The fetal dose from radiography to the abdomen or pelvis was thought to be in the order of 10 mGy in the Oxford survey and has been estimated to be 1.3 mGy to 3.4 mGy in more recent years.
Radiation doses received by neonates also vary by age at diagnostic procedure and other parameters,
but the entrance surface dose for chest radiography has been estimated to be approximately 0.06 mGy to 0.08 mGy for 0-1 year olds.
These doses are less than those thought to occur from computed tomography scans at the same age (2.3 mSv to 11.4 mSv),
depending on age and body location [6].
Facts about diagnostic radiology and situation in Serbia are presented in Fig.7,
8,9,10 and 11.
Fig.12 shows status of practice in diagnostic radiology in five Eastern European country.
In a report published in the Journal of the American Medical Association Hausleiter and colleagues commented that among 50 centers performing coronary CT angiography,
patient radiation doses varied from 5 mSv to 30 mSv.
The authors concluded that "effective strategies to reduce radiation dose are available but some strategies are not frequently used" [7].
With the latest CT technologies,
it is possible to manage this balance.
In some cases such as chest exams use less than 0.1 mSv,
pediatric heart studies with as little as 0.25 mSv,
and adult coronary angiograms with no more than 1 mSv [7].
Some dose-cutting solutions are found not on the scanner but on the patient,
in the form of shields designed for placement over the areas of the patient especially vulnerable to radiation [7].
Medical physicists have developed an automated patient-specific CT dose-monitoring system that estimates radiation risk based on the age,
size,
and sex of the patient.
The software was introduced at the American Association of Physicists in Medicine and the Canadian Organization of Medical Physicists Joint 2011 Meeting [8].
More than 19,500 CT scans are performed every day in the United States.
These expose each patient to the equivalent of 30 to 442 chest radiographs per scan.

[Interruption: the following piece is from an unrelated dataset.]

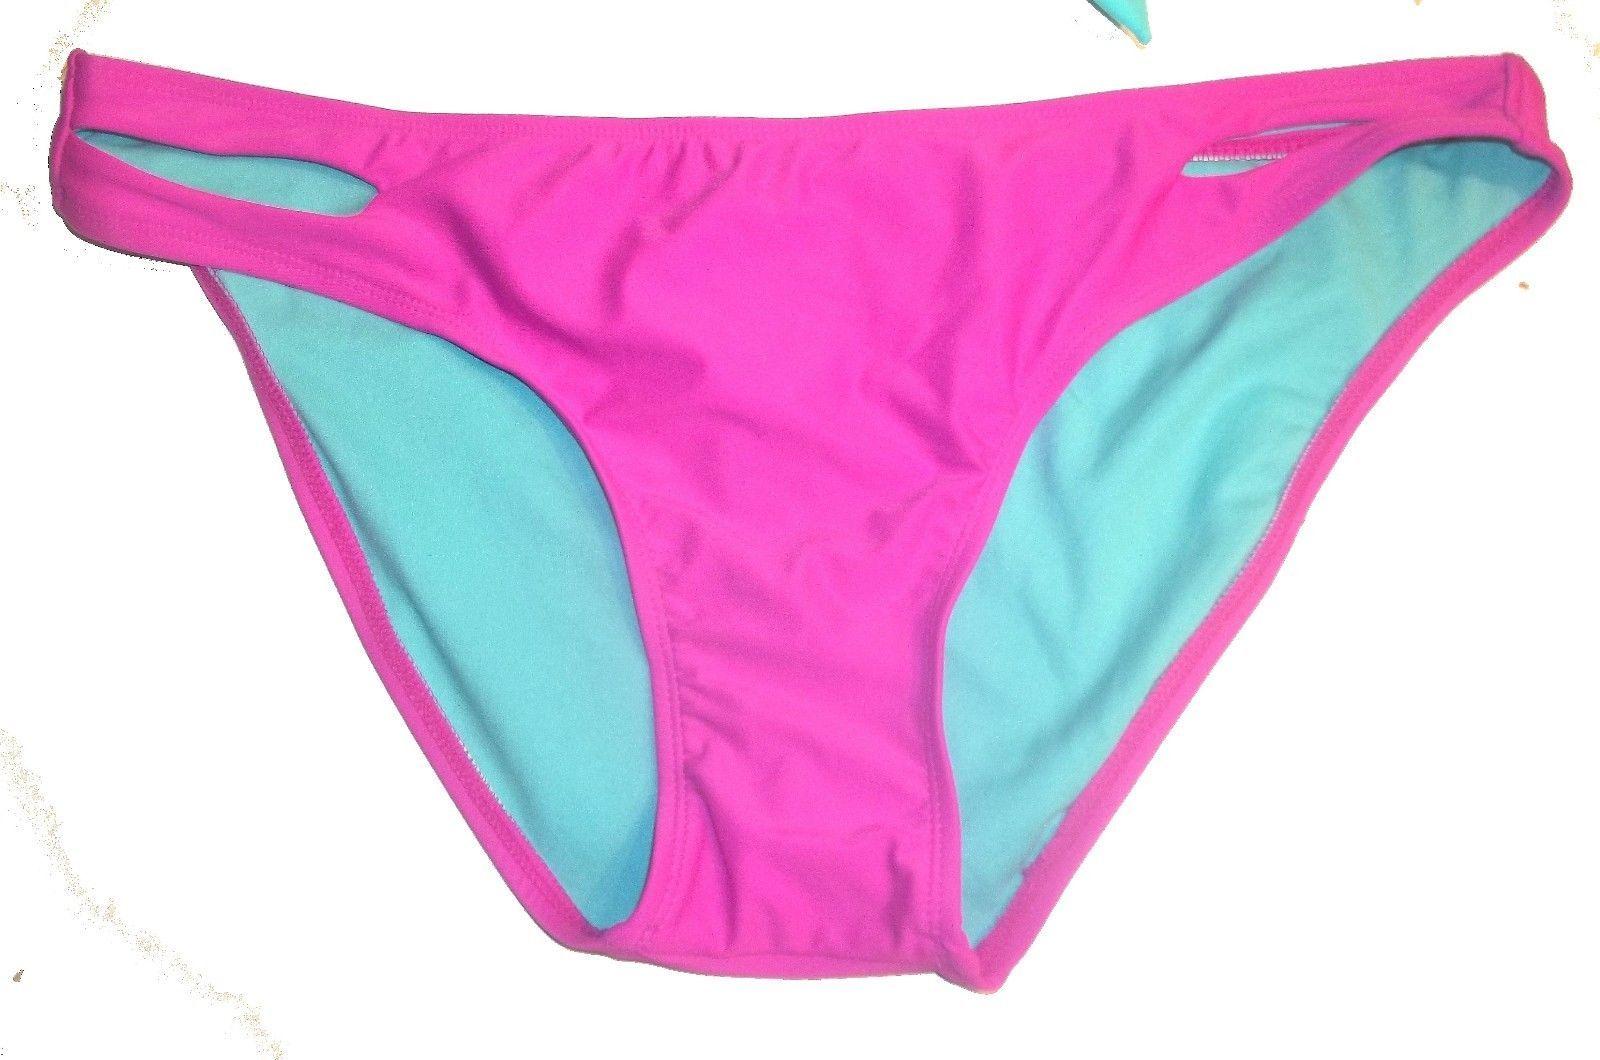 eb3e61859eb7e Sz M/XL - NWT Xhilaration Hot Pink & Mint Green Molded Push Up Bikini

It is becoming clear that the large doses of radiation from such scans will translate,
statistically,
into additional cancers [9].
If patient doses are higher than the expected level,
but not high enough to produce obvious signs of radiation injury,
the problem may go undetected and unreported,
putting patients at increased risk for long-term radiation effects. While unnecessary radiation exposure should be avoided,
a medically-needed CT scan has benefits that outweigh the radiation risks.
Because radiation-related risks may be cumulative over time,
this information should become a key element of the patient's medical history.
Patients and physicians need to discuss the choice for radiological imaging and the relative risks associated with this choice.
This is particularly important for discussions of screening in asymptomatic patients [2].